The SMSA Library was fortunate to have acquired this (now out-of-print) book some time ago. Over the four years of WWI, Bean wrote down everything he witnessed and experienced in his notebooks, and kept a personal diary. By the end of the War, these amounted to some 300 volumes, all of which formed original source material for Bean to write the first six volumes of the Official History upon his return to Australia. Bean also took some 800 photos while living with the ANZAC troops. They are black and white, and often grainy, but they are included in Bean’s Gallipoli and show the stark reality of Gallipoli (as compared to the romanticized Hollywood films).

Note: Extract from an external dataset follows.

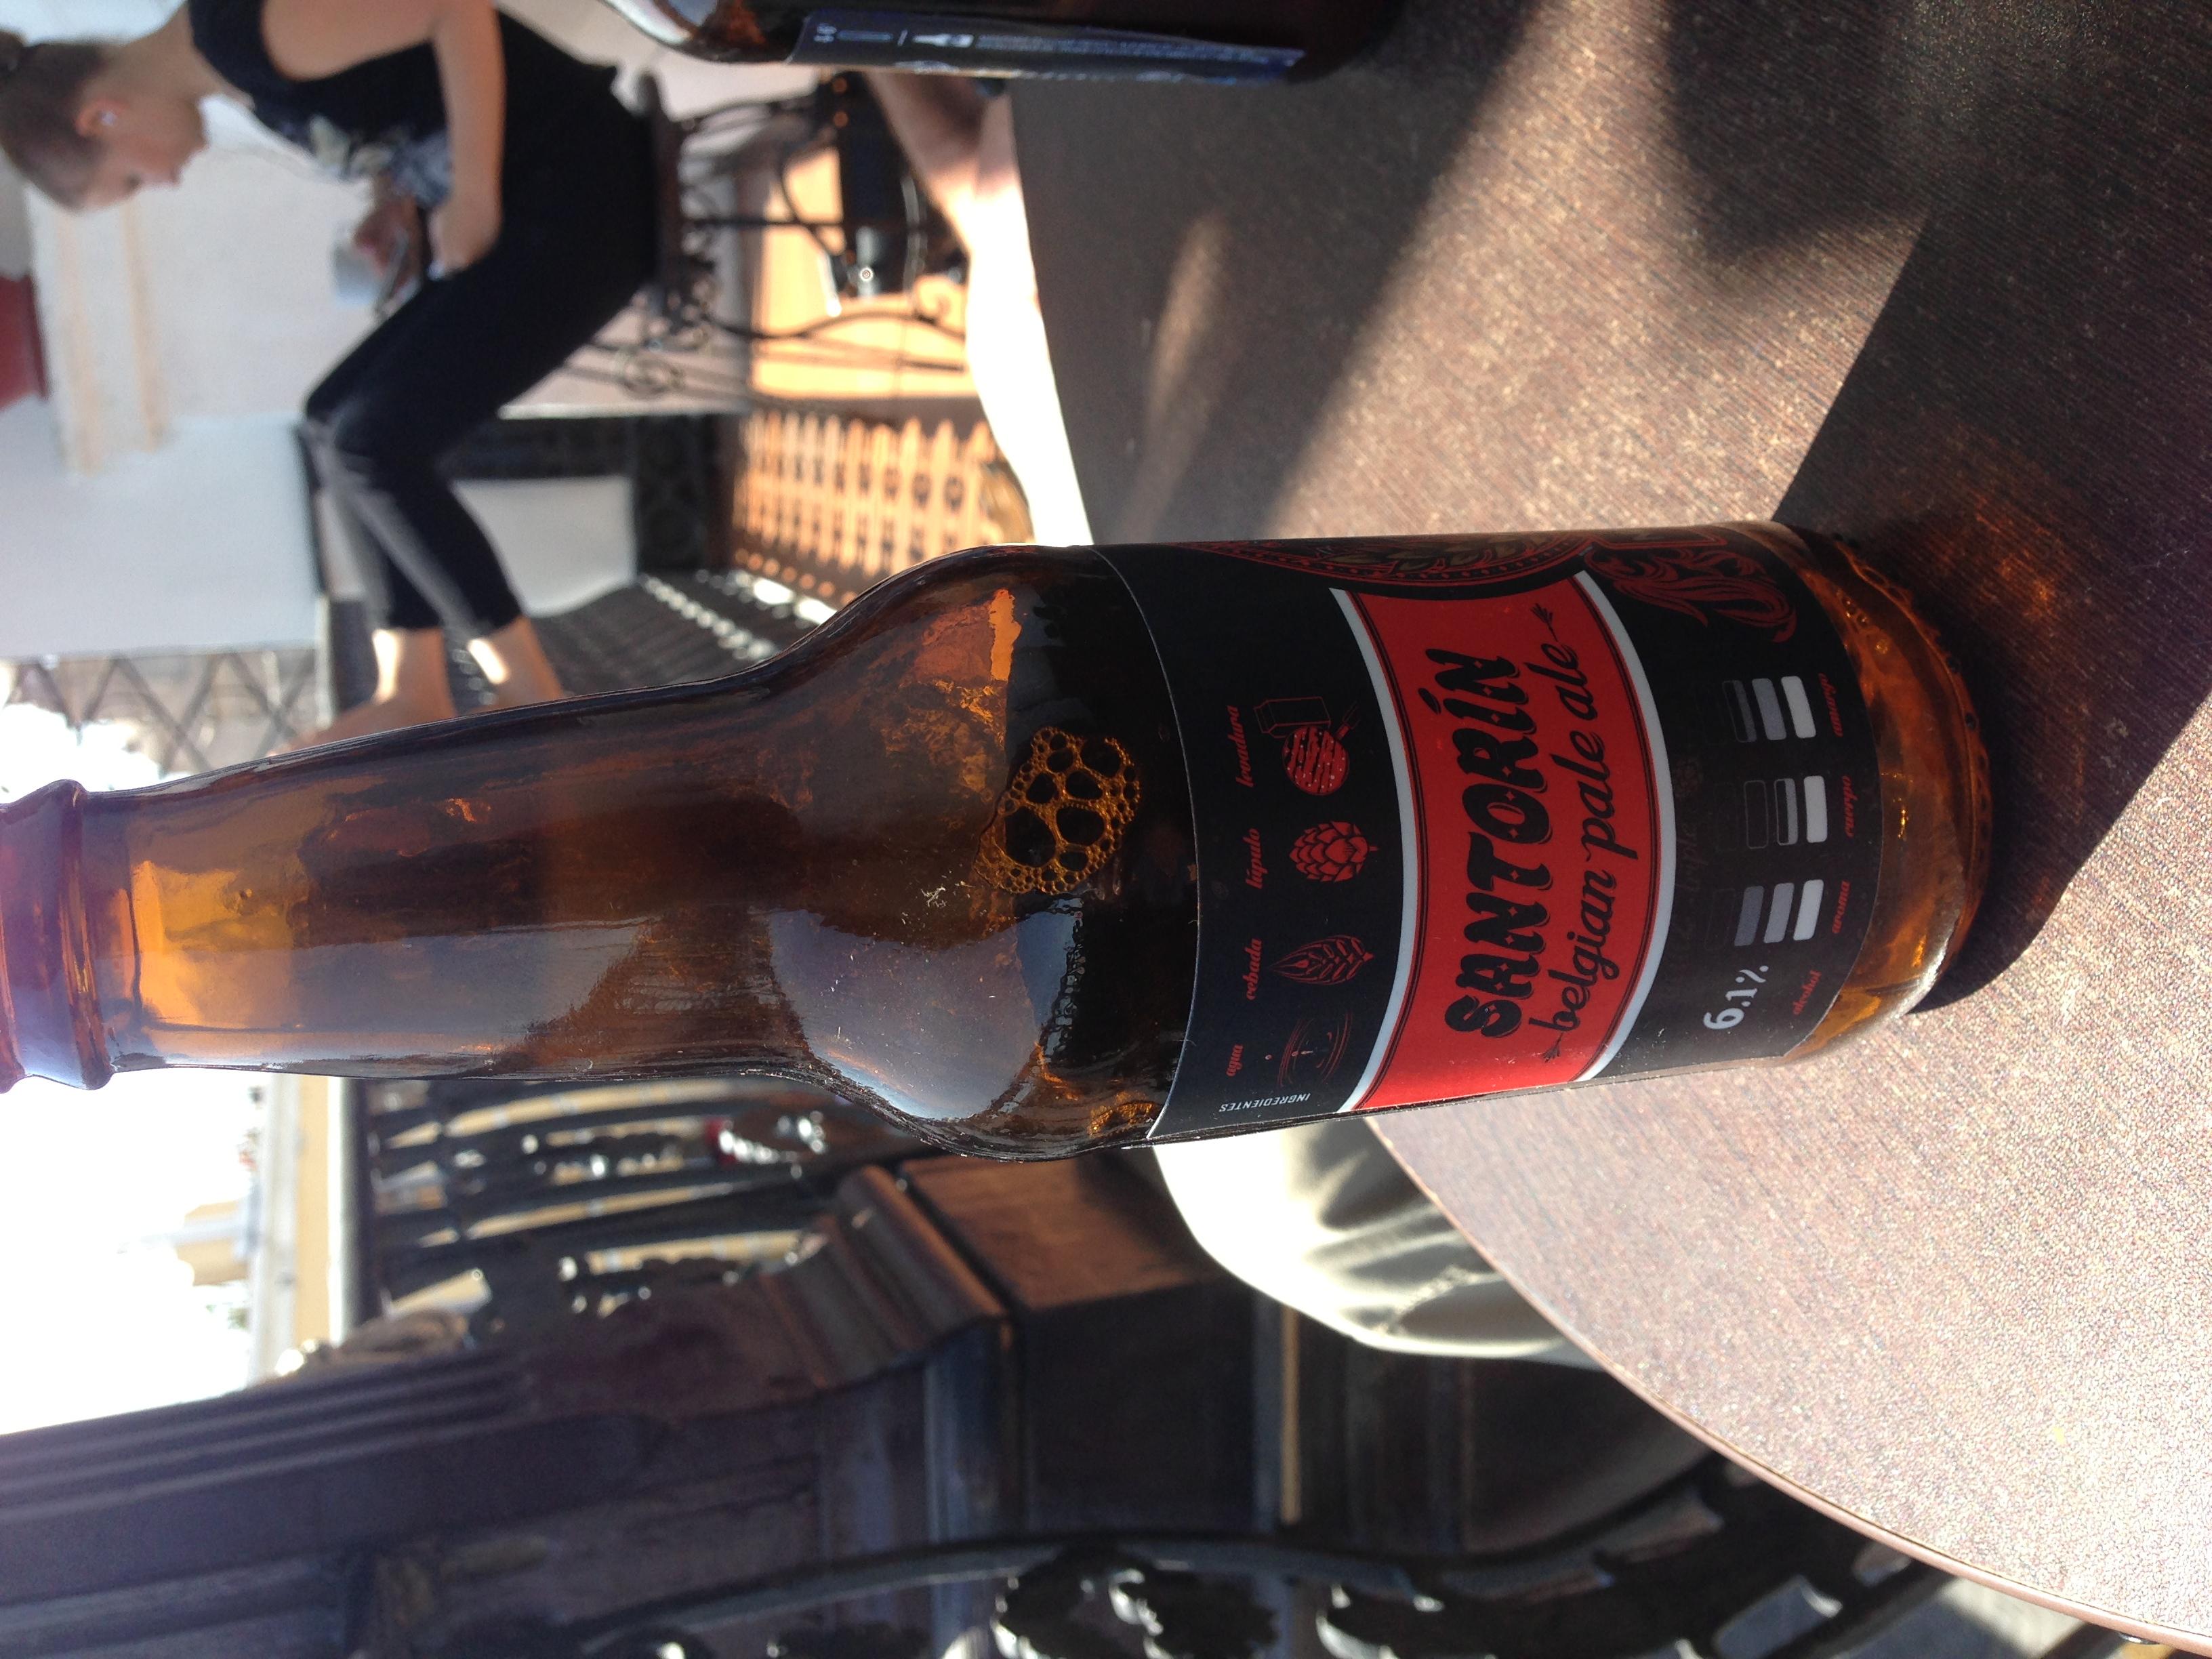 Santorin belgian pale ale

Bean’s Gallipoli is an edited script of Bean’s notebooks and personal diaries, completed by Kevin Fewster. Bean aimed to write every night, between filing war correspondence with Australian newspapers (when allowed), talking to officers and enlisted soldiers in the trenches, on the beaches and in dugouts. The Allied Forces did assign 12 official war correspondents (from other countries) but only Bean stayed glued to the AIF – the other correspondents stayed offshore on ships. Evidence of Bean’s devotion to his duty is that he was the only journalist shot by a sniper in Gallipoli (his notes and diaries ceased for a short while whilst he was recovering). Until his death in 1968, he carried the sniper’s bullet lodged in his right calf.
A fascinating first hand source book of Gallipoli, as told by Australia’s official historian.